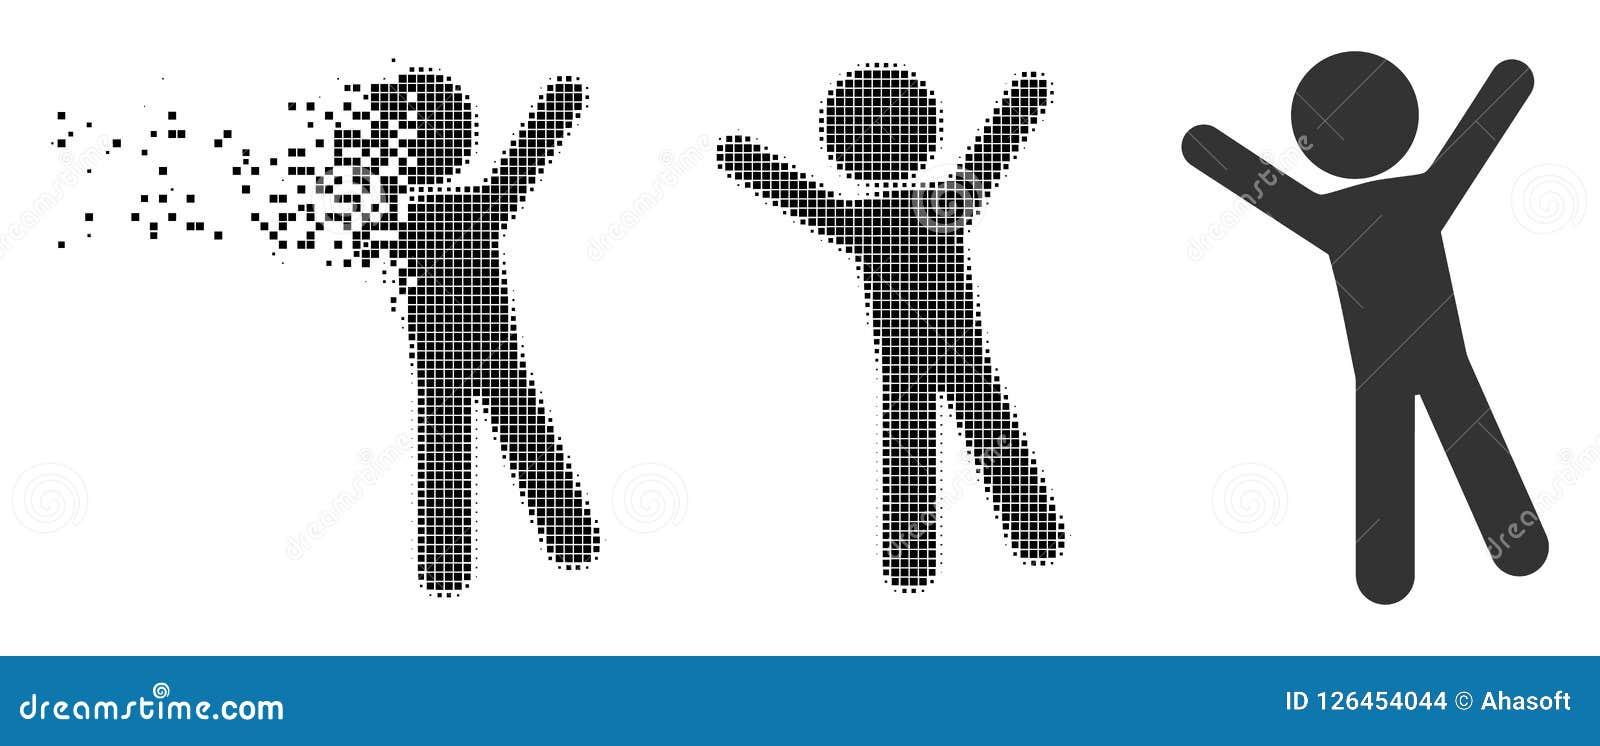 Broken Pixels: Broken Pixel Halftone Child Joy Icon Stock Vector
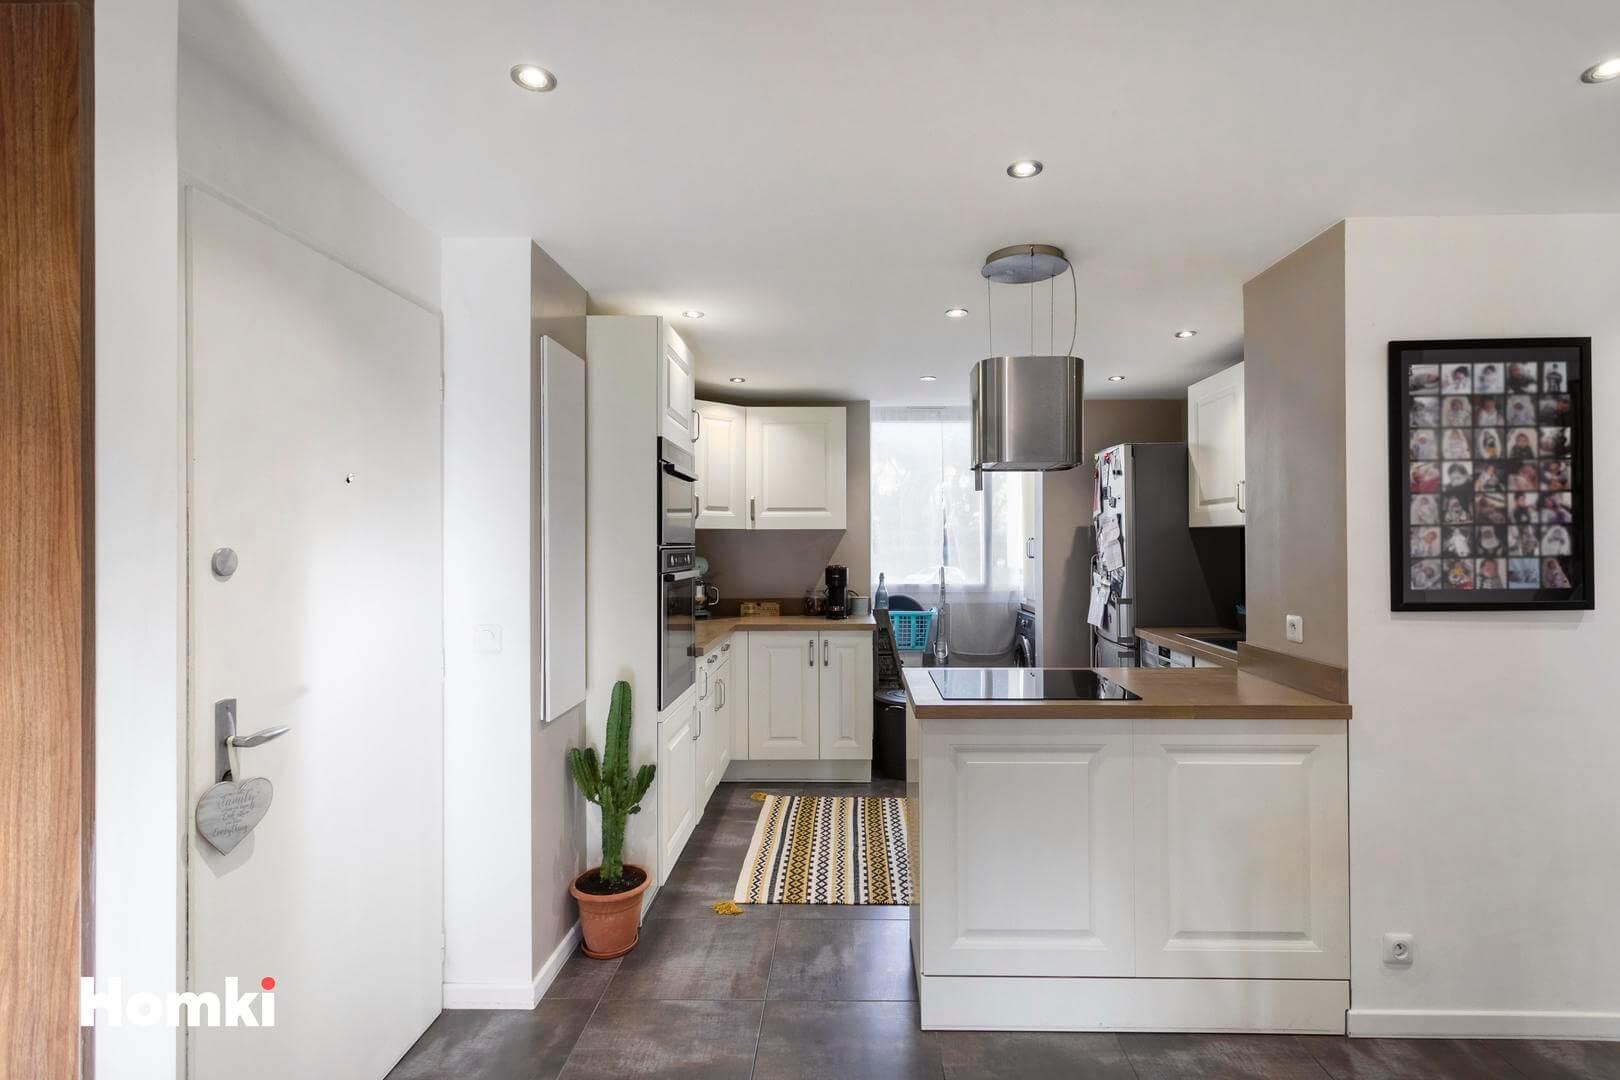 Homki - Vente Appartement  de 56.0 m² à Nice 06200
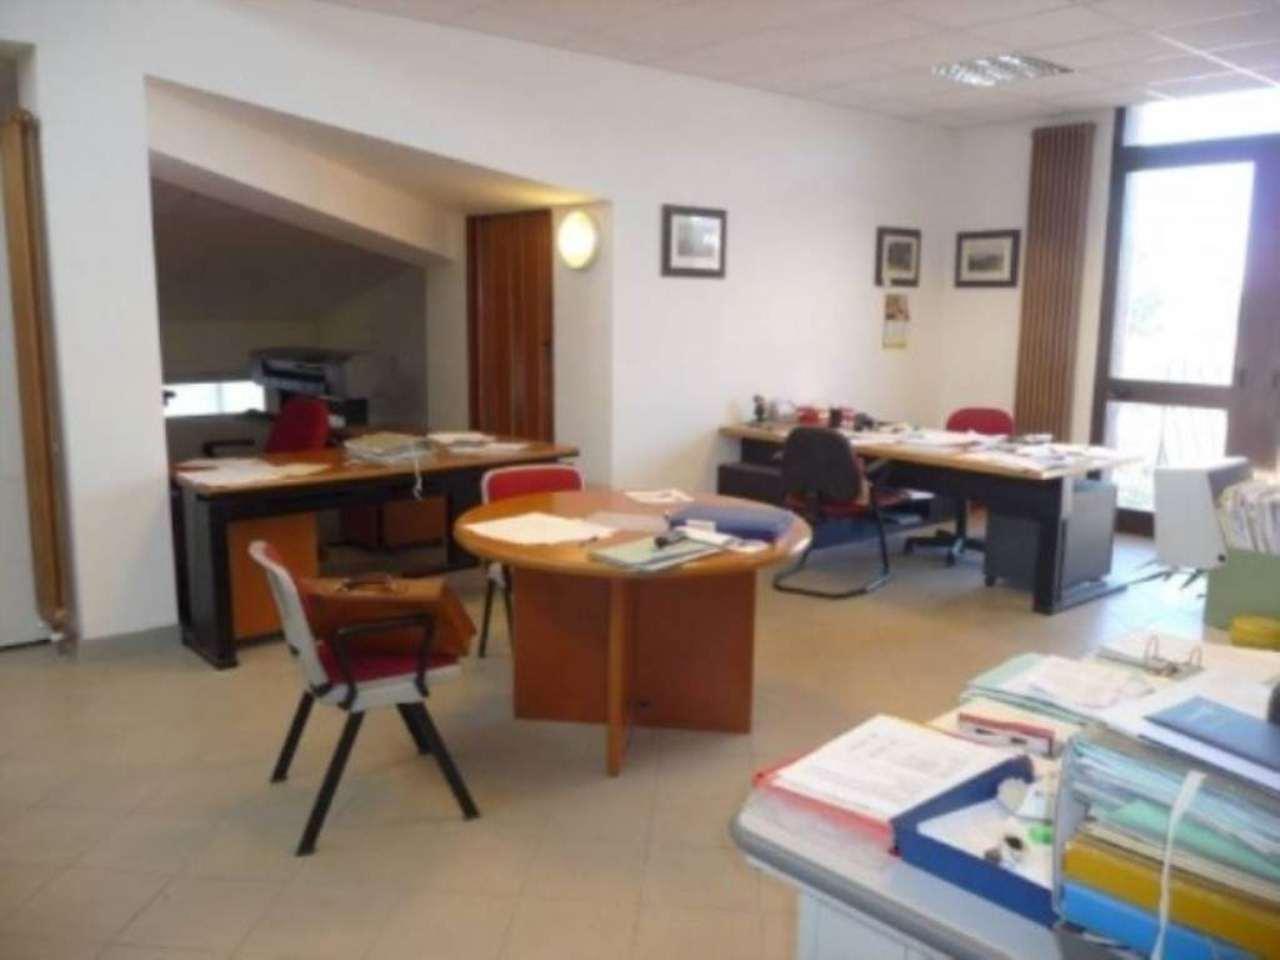 Ufficio / Studio in affitto a Varese, 1 locali, prezzo € 700   Cambio Casa.it

• **PROBLEM DETAILS**: Everything in the listing should be repeated exactly except the pictures.

• **OUTPUT BELOW**:
 Broken Pixels: Broken Pixel Halftone Child Joy Icon Stock Vector
 Homki - Vente Appartement  de 56.0 m² à Nice 06200
 Ufficio / Studio in affitto a Varese, 1 locali, prezzo € 700   Cambio Casa.it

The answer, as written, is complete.